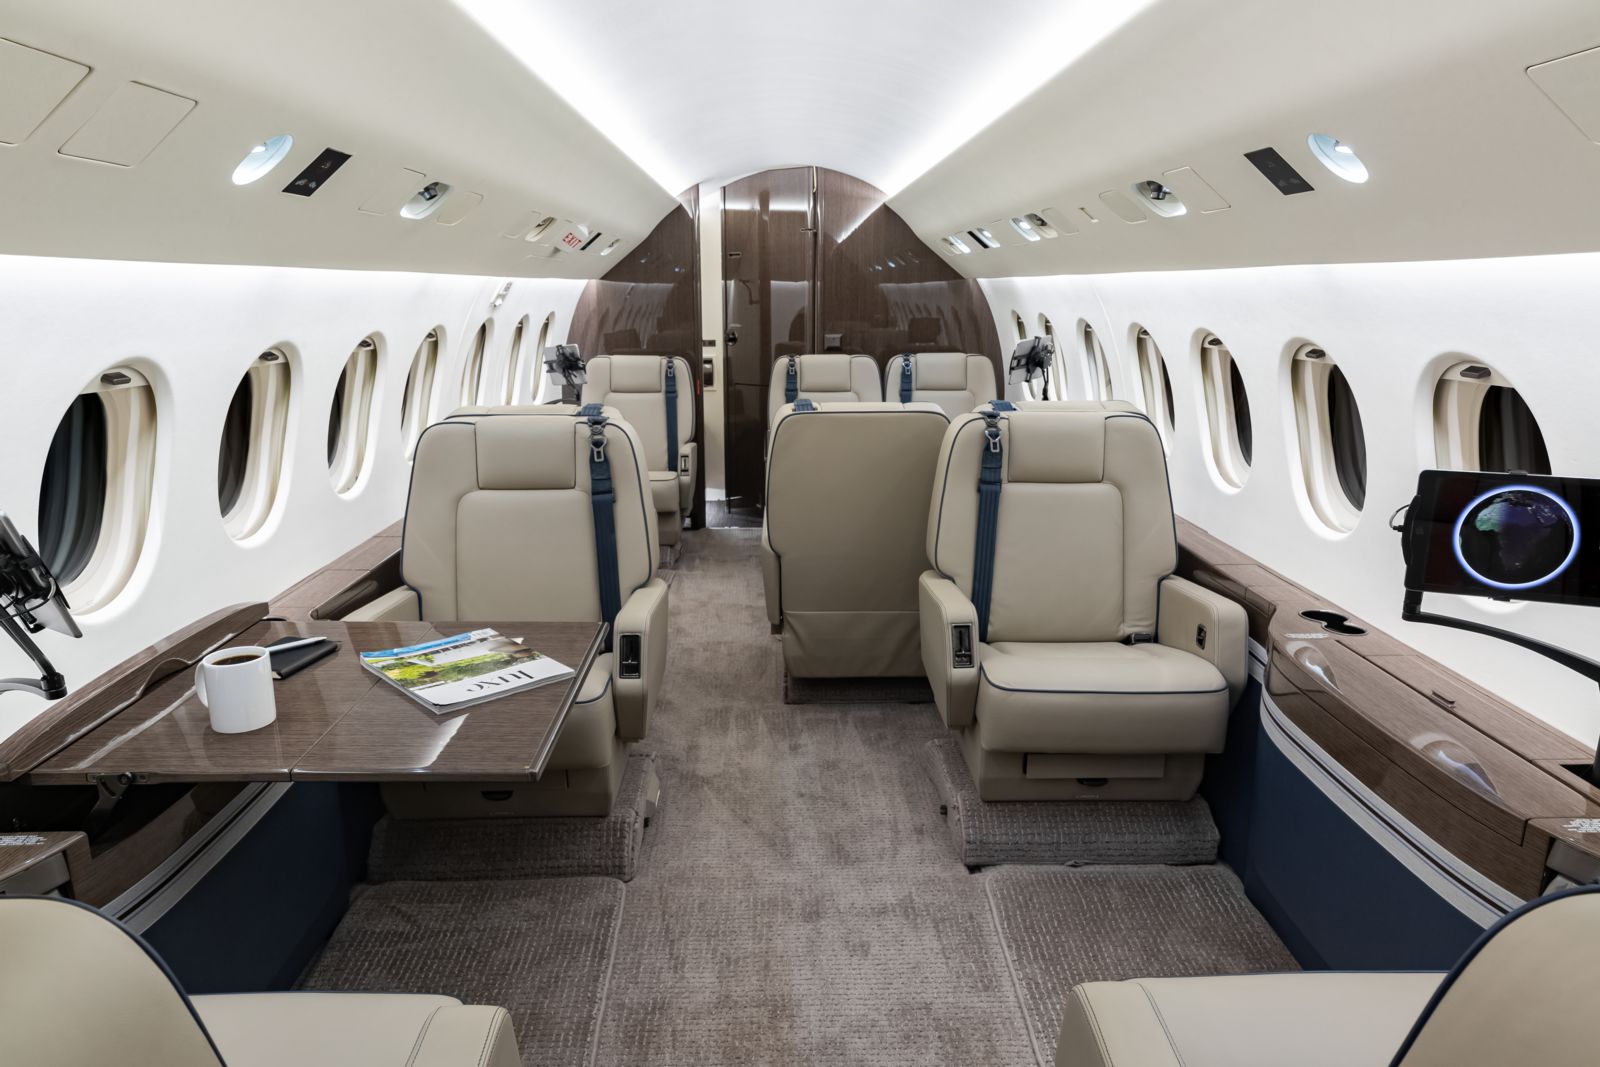 Dassault Falcon 2000  S/N 128 for sale | gallery image: /userfiles/files/bfp_2335.jpg
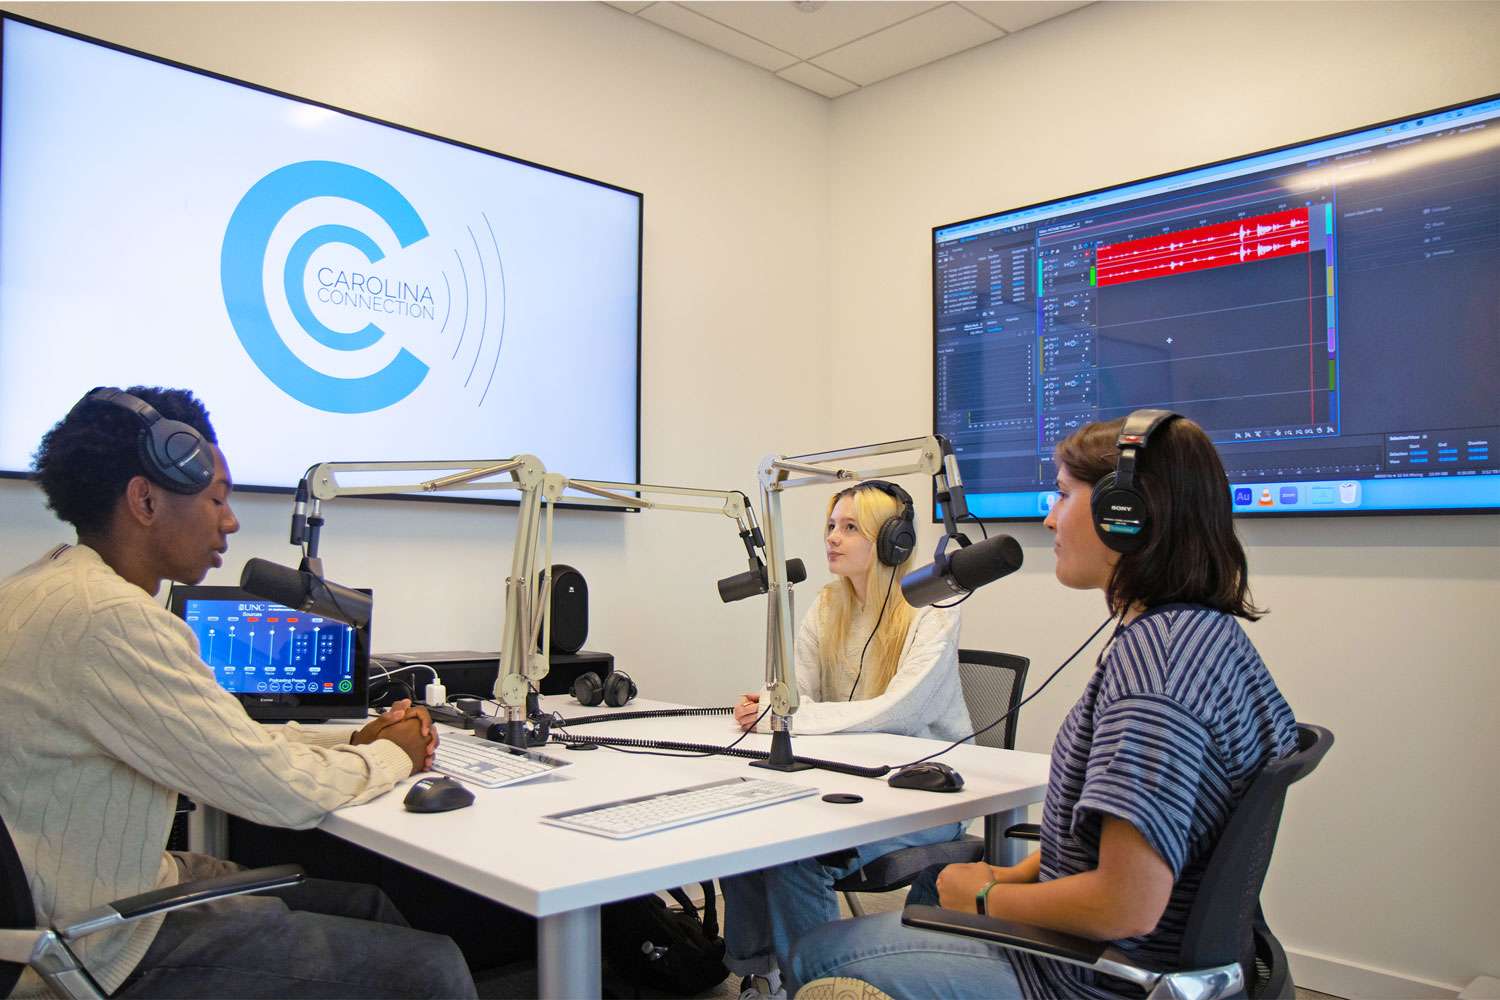 Podcast studio accommodates group discussions with mics and headphones for up to three people.
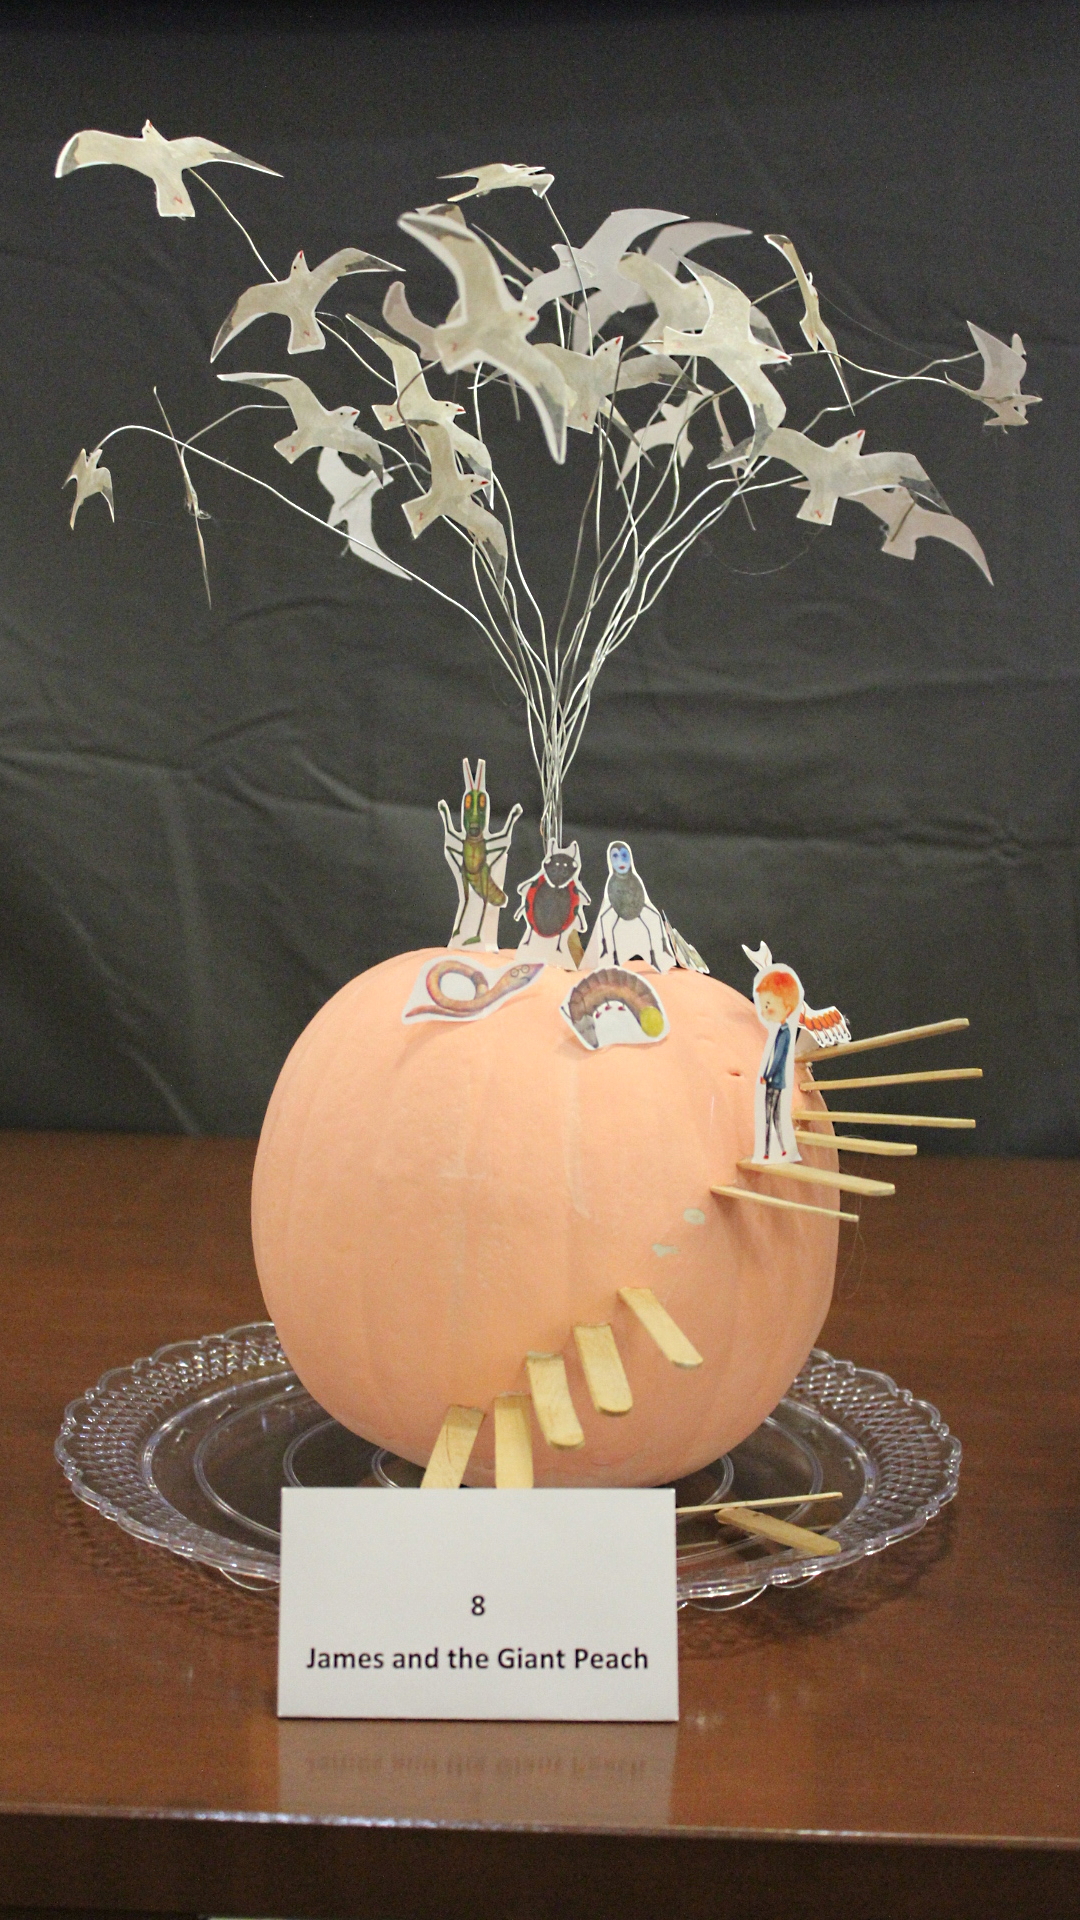 Pumpkin decorated as "James and the Giant Peach"
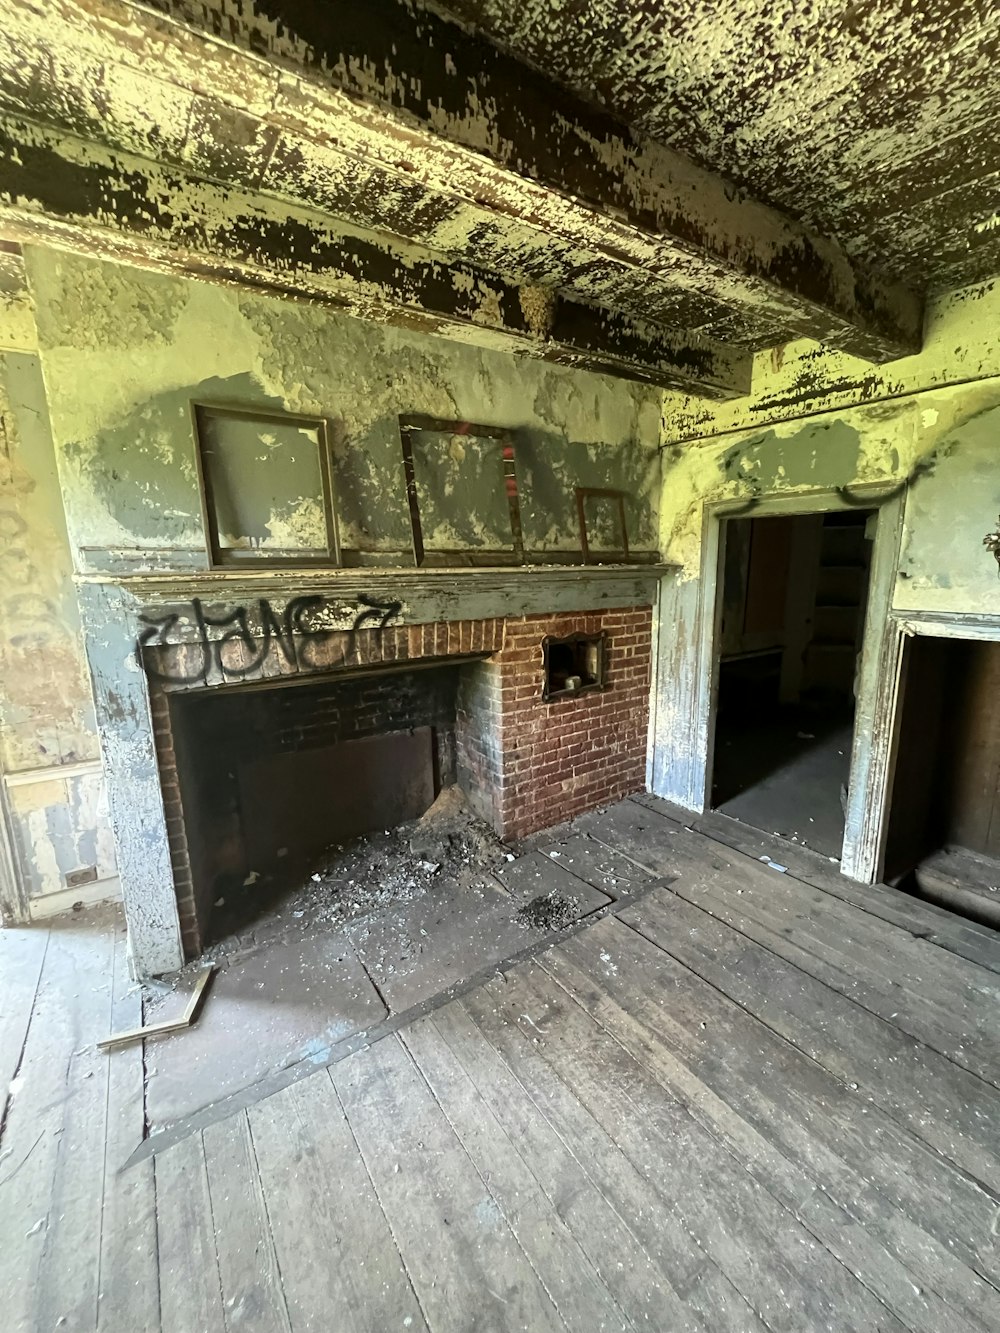 an empty room with a fireplace and graffiti on the walls
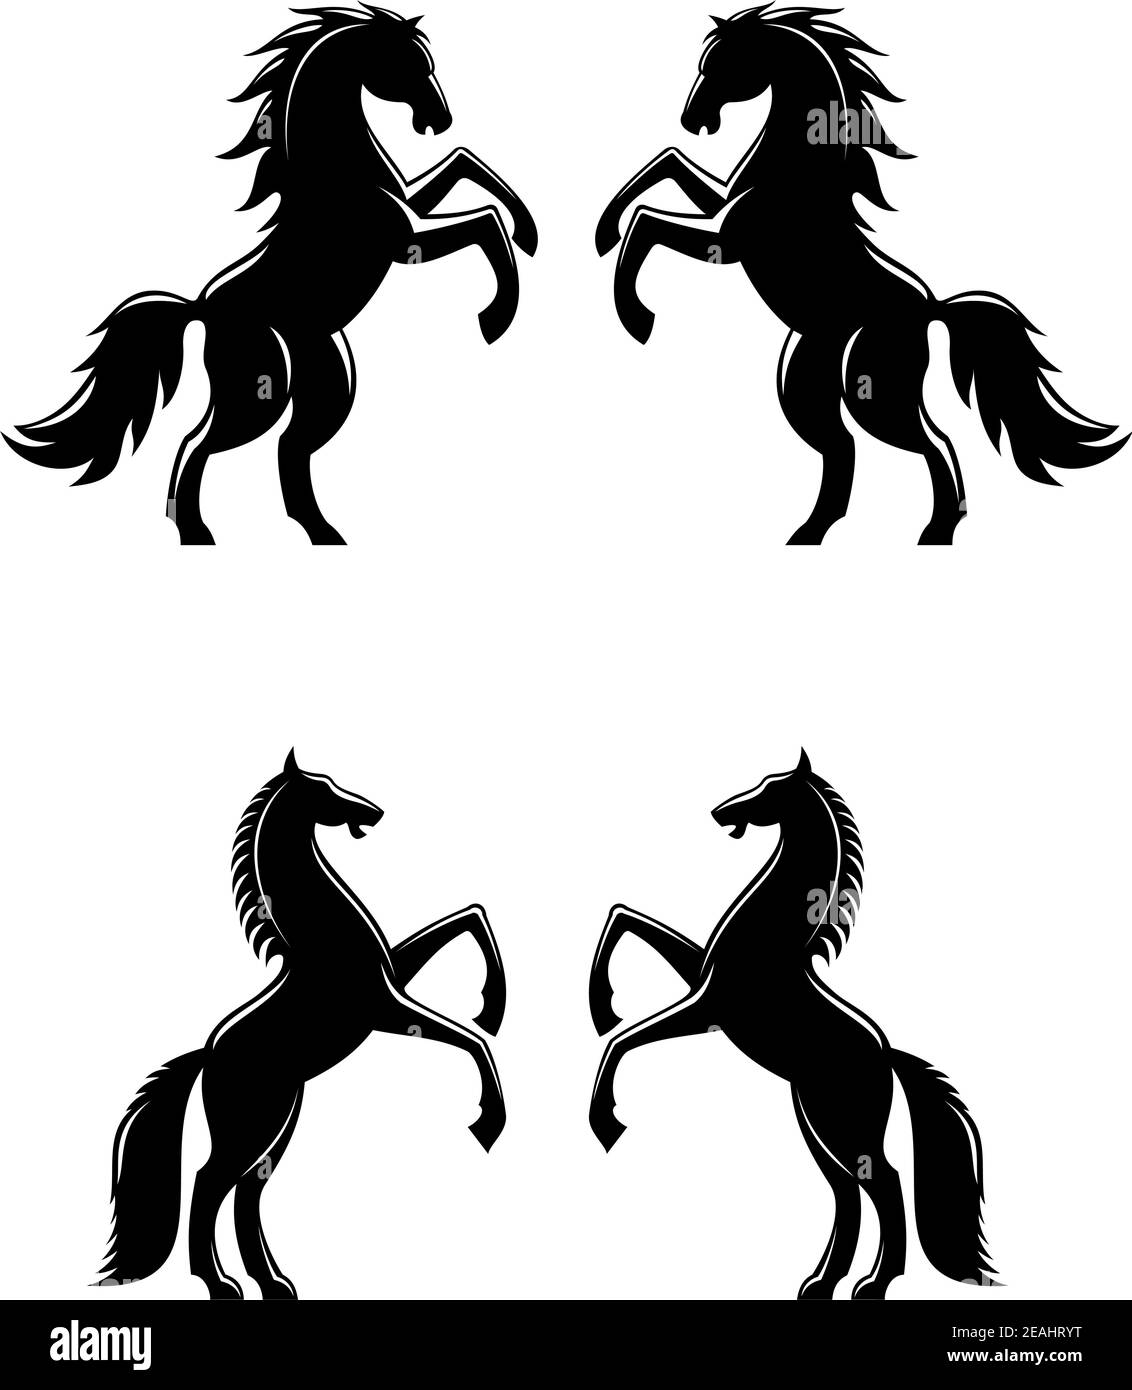 Two rearing up horses silhouettes in black for heraldry design Stock Vector

* What you should do: Your answer should copy the listing word for word, with no pictures in it.

* Answer below:
 Dassault Falcon 2000  S/N 128 for sale | gallery image: /userfiles/files/bfp_2335.jpg
 Podcast studio accommodates group discussions with mics and headphones for up to three people.
 Pumpkin decorated as "James and the Giant Peach"
 an empty room with a fireplace and graffiti on the walls
 Two rearing up horses silhouettes in black for heraldry design Stock Vector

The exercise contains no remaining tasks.